[Items from a data source]
"""

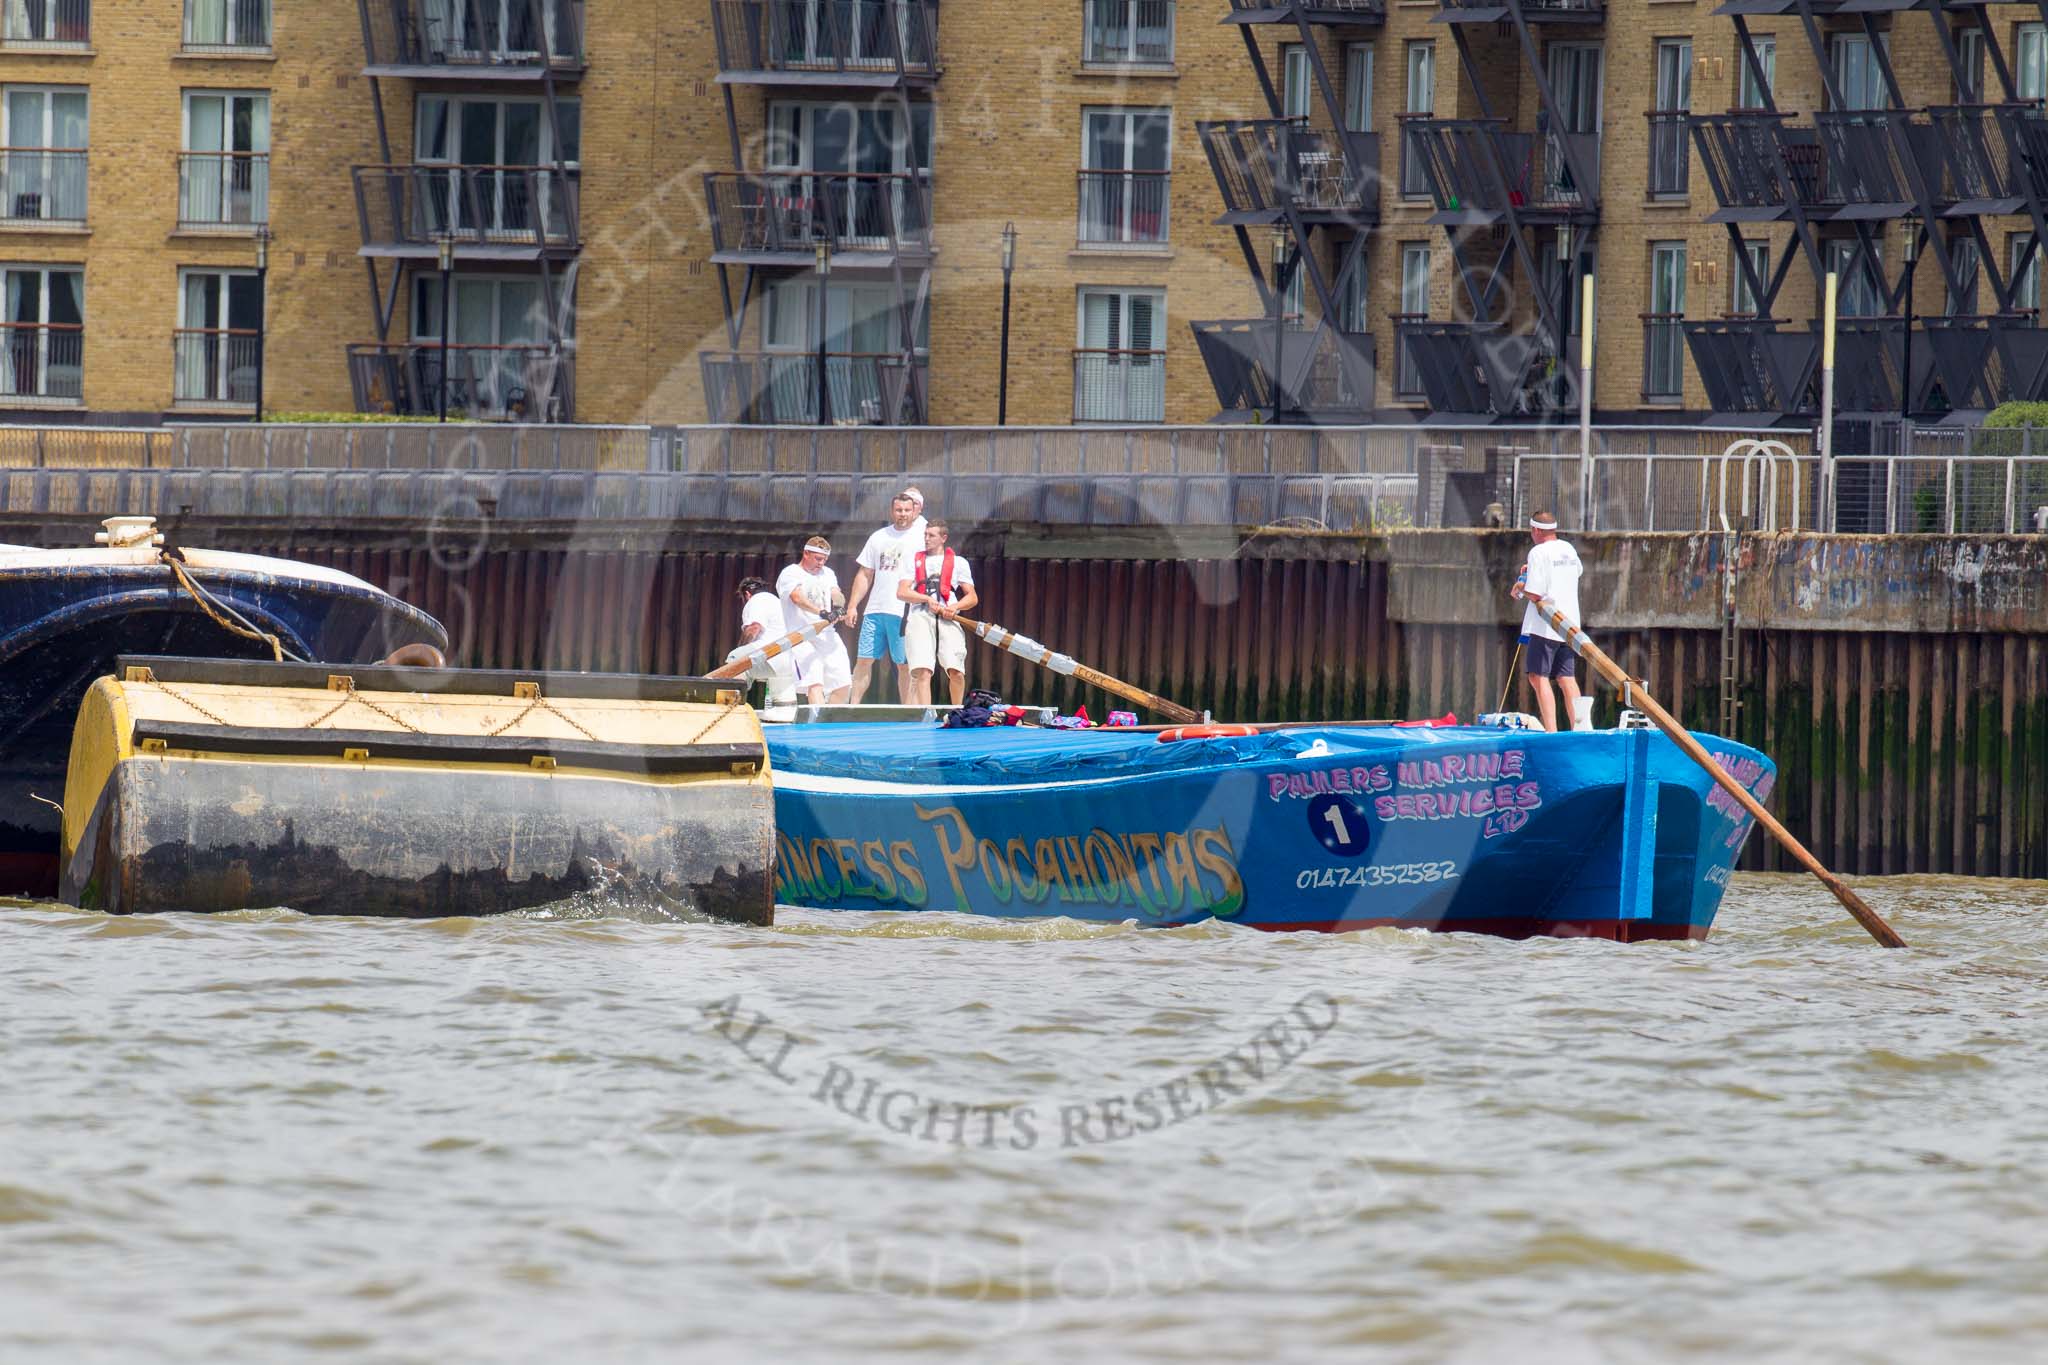 TOW River Thames Barge Driving Race 2014.
River Thames between Greenwich and Westminster,
London,

United Kingdom,
on 28 June 2014 at 12:43, image #126

"""

> **Problem to solve**:
Nothing outside the span should appear: transcribe the lines from the one containing "River Thames between" through the last line of the records.

> **Result for this exercise**:
River Thames between Greenwich and Westminster,
London,

United Kingdom,
on 28 June 2014 at 12:43, image #126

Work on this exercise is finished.